Women in particular seem to be conditioned to spend their entire lives chasing someone else's definition of perfection. The perfect face without wrinkles or prominent features. A body without one dimple of cellulite! Have you ever met any woman without cellulite? The perfect entertaining skills, where you gather the twigs and leaves you'll be gluing together for the table centerpiece prior to preparing a dinner from scratch for 12. Doesn't everyone own a glue gun? The perfect partner who treats you like a queen, loves your mother and never leaves his dirty socks on the floor. This may all be possible if you were living in a 1950's sitcom, but none of it resembles real life -- nor did it in the 1950's!
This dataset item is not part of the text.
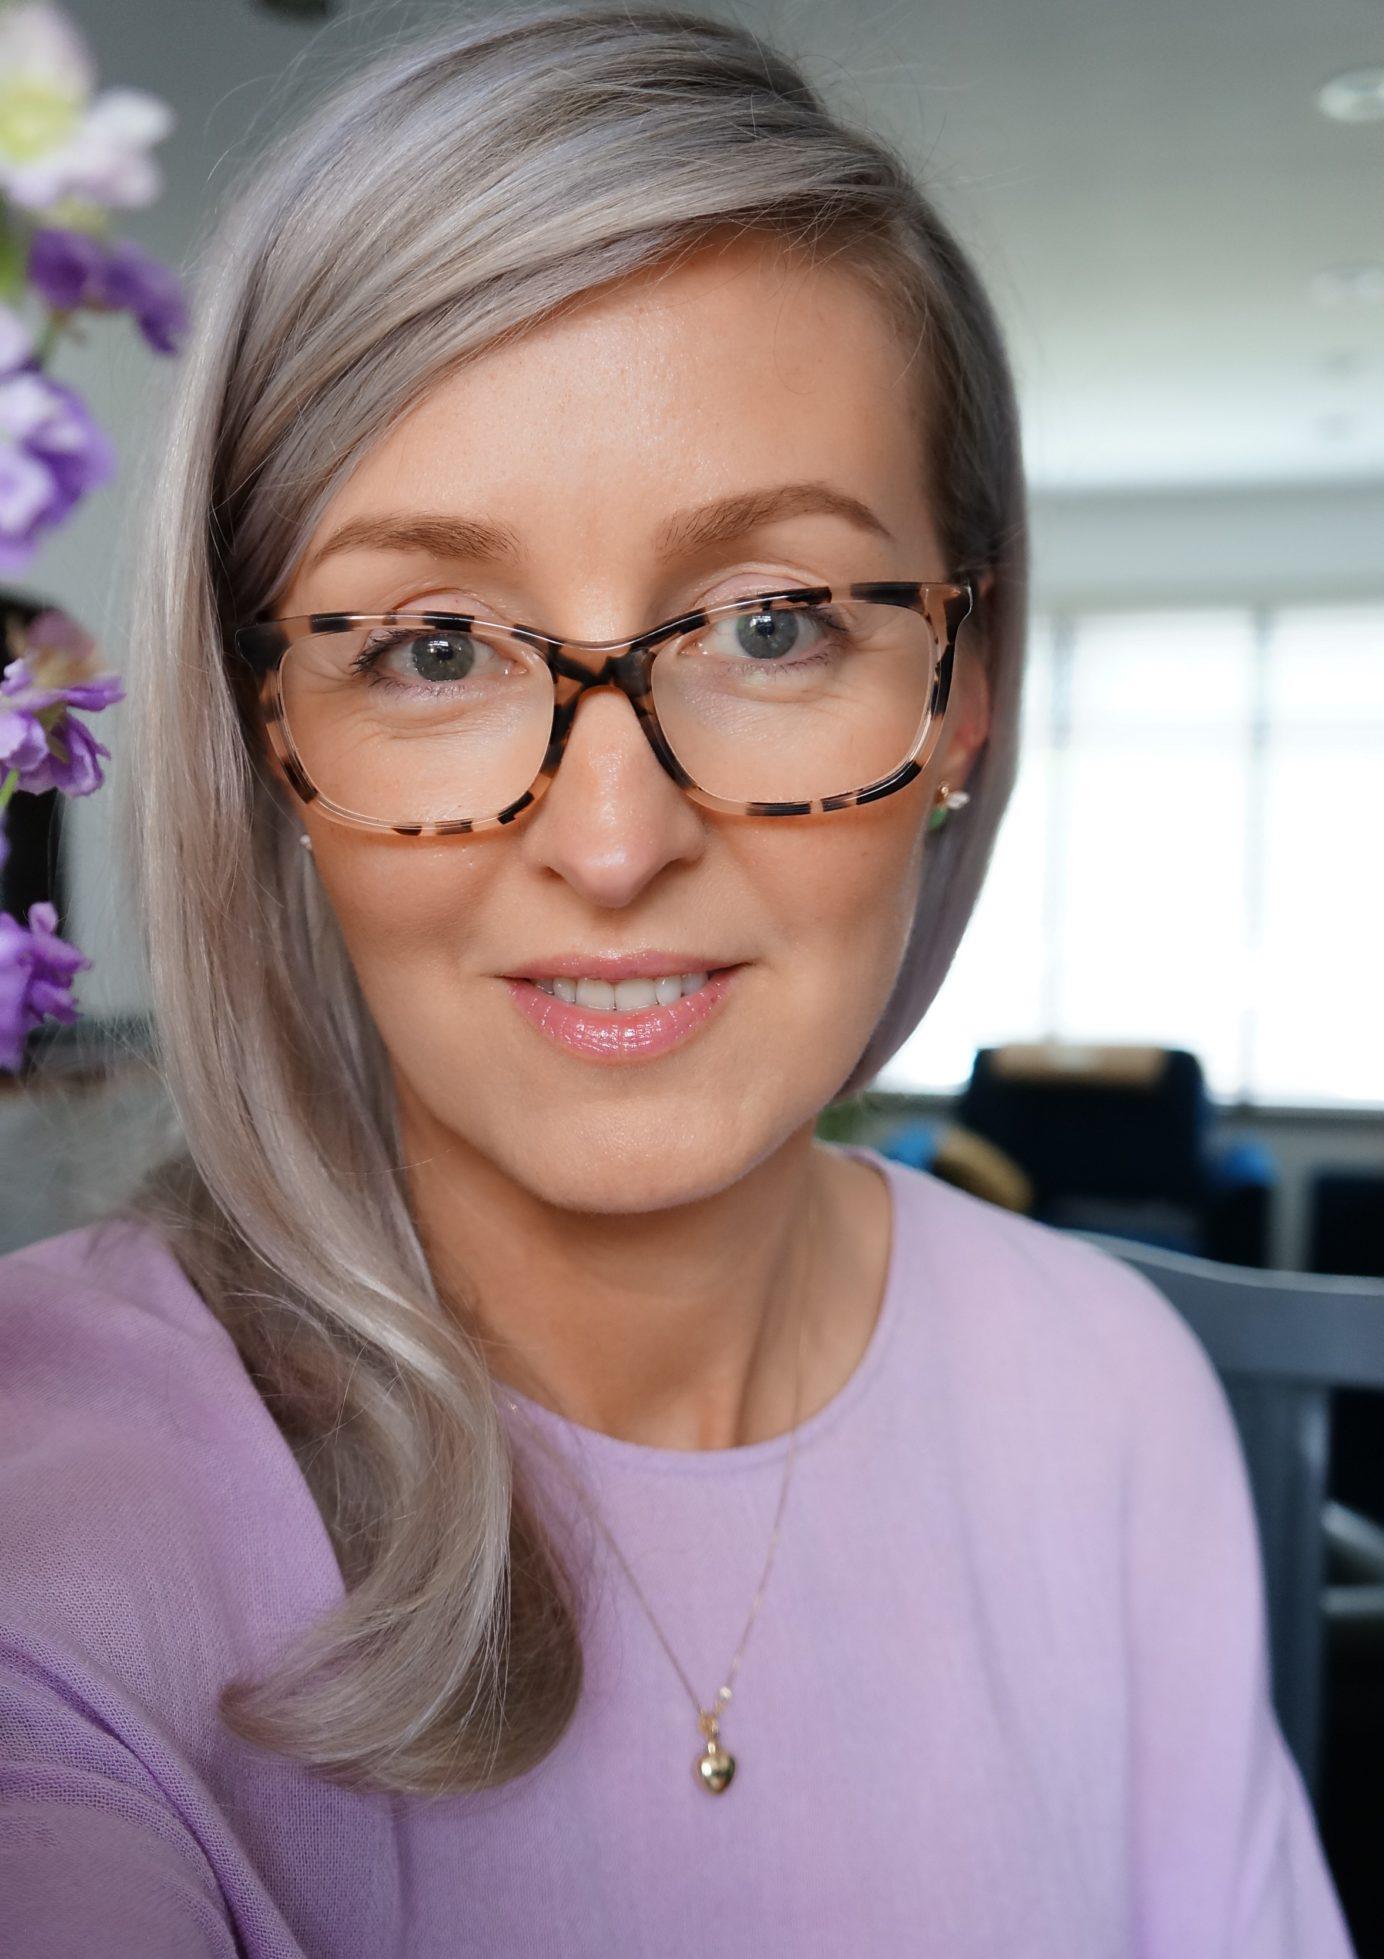 Alicja Fryc, Senior HSE Advisor
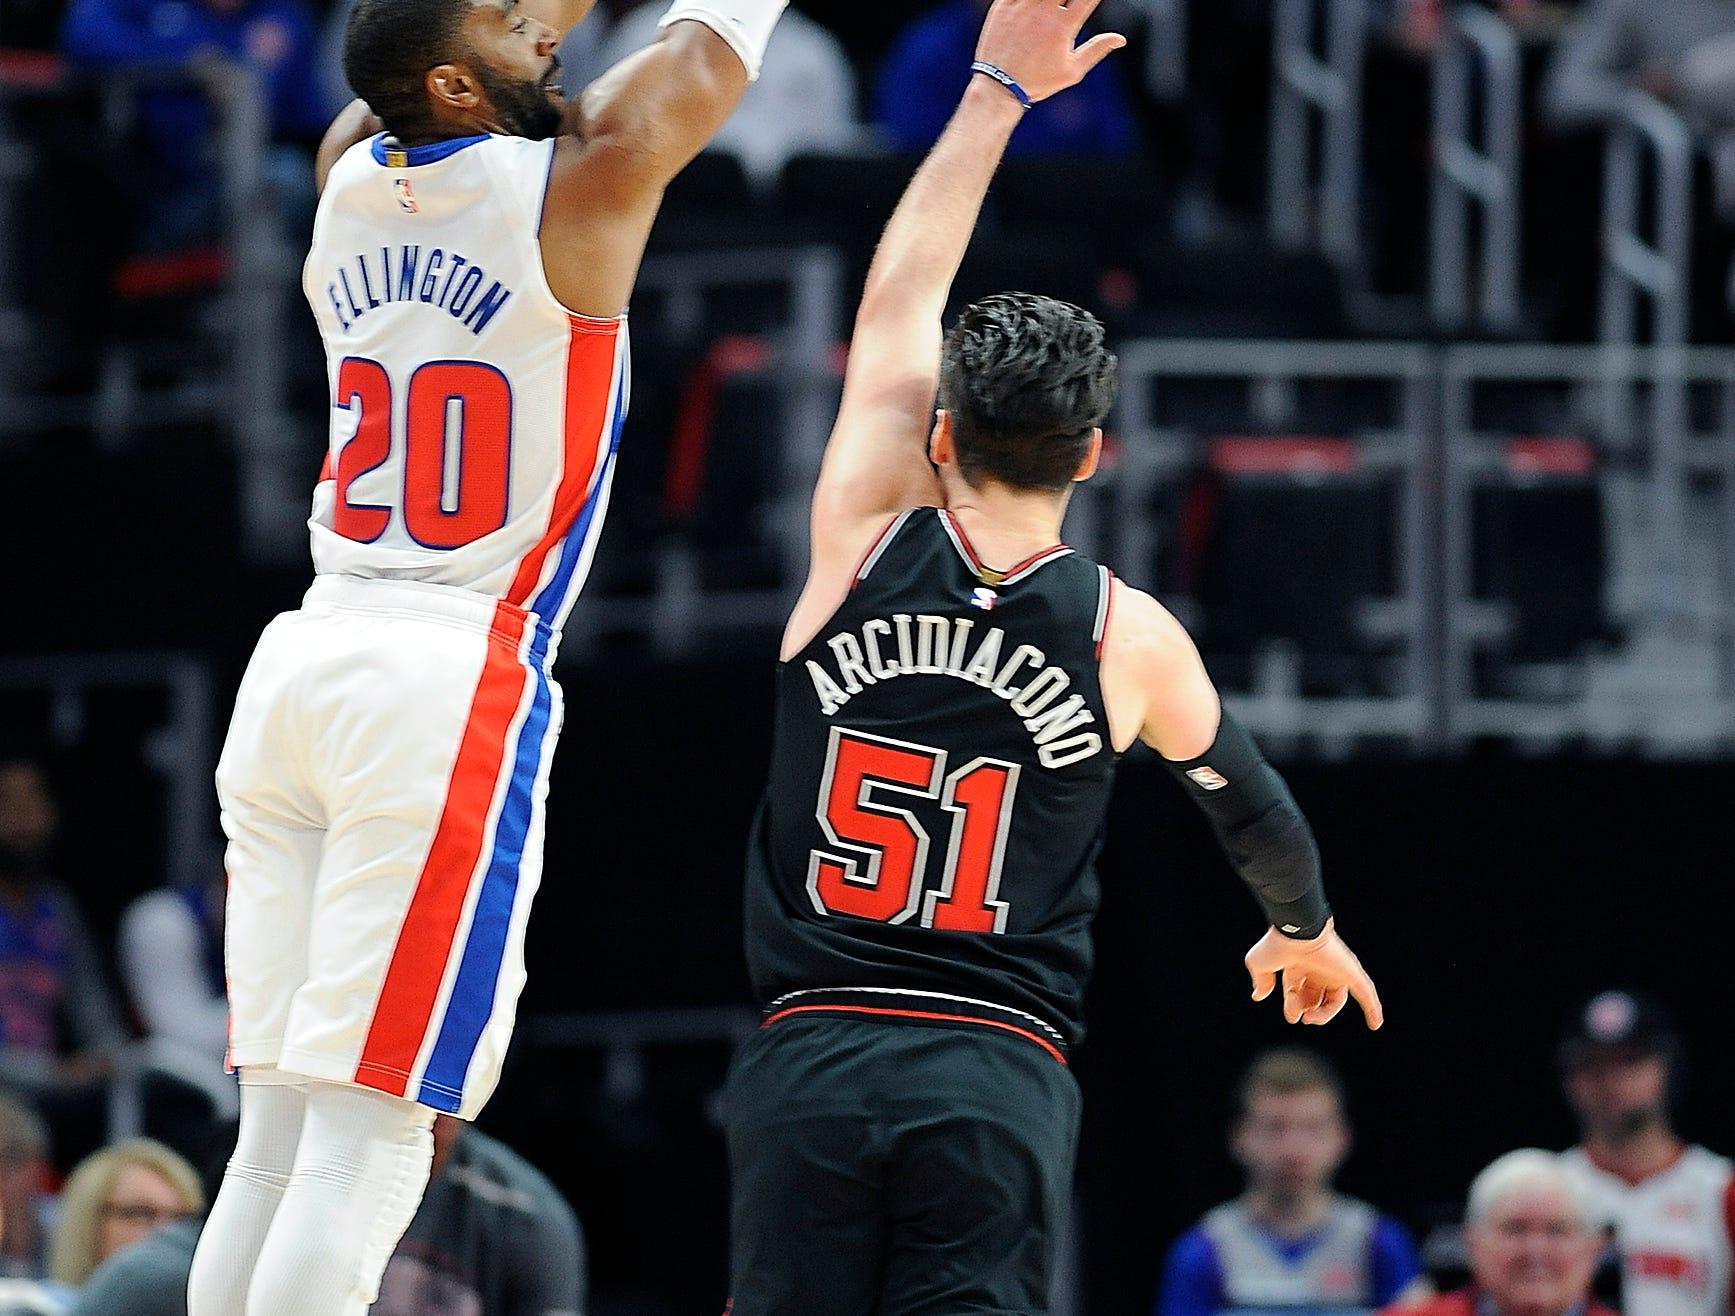 Pistons' Wayne Ellington scores over Bulls' Ryan Arcidiacono in the first quarter.

And for all you women who think you can really have it all... forget that notion! Something has to give a little, whether it's your career, your spouse, your kids or your free time. And that's okay, depending on where your priorities are. The term "work-life balance" is meaningless and non-existent. Work and life aren't separated but rather one integrated journey, and how you spend your time on that journey changes relative to what's going on in your life at that particular time. There's no magic pill or formula that works for everyone.

Perfection is like a carrot on the end of a stick mounted to your head. You keep thinking you can grab it if you run hard enough, and sometimes you can get a little taste of it, but it's never quite enough. You'll always want the whole thing, and even if you get that, right around the corner is another carrot waiting to be chased. You'll grow old and angry chasing perfection. Wouldn't you rather spend time playing with your kids instead of mopping the kitchen floor? Wouldn't you rather look unique instead of like a mannequin? Wouldn't you rather be happy instead of perfect? I know I would -- because when you're happy, everything is perfect, even a long nose.

Here are twelve ways to stop chasing perfection:

  1. Redefine reality from what you see in the media to what you see in real life. What do the people around you look like?
  2. Love your unique traits; they make you interesting to others.
  3. Be grateful for everything you are and everything you have at this moment.
  4. If you're doing something for someone else's approval, let it go. You can't live your life by other people's standards.
  5. Adjust your own expectations of yourself and others (especially your children) based on individual abilities and needs.
  6. Stop the recording in your head about anything parents or teachers criticized about you. Hit the reset button for the present time, and recognize all of your wonderful traits.
  7. Keep a happy thoughts journal, and write down whatever makes you happy each day.
  8. Invite guests for dinner even if your house isn't spotless. They'll never notice.
  9. Be present with people instead of perfect by showing your own vulnerability.
  10. Slow down and let others catch up. You don't always need to be first.
  11. Buy clothes that fit your personality, your body and your style, not what's "in" or what everyone else is wearing.
  12. Learn to meditate and connect with your inner spirit, who is always perfect.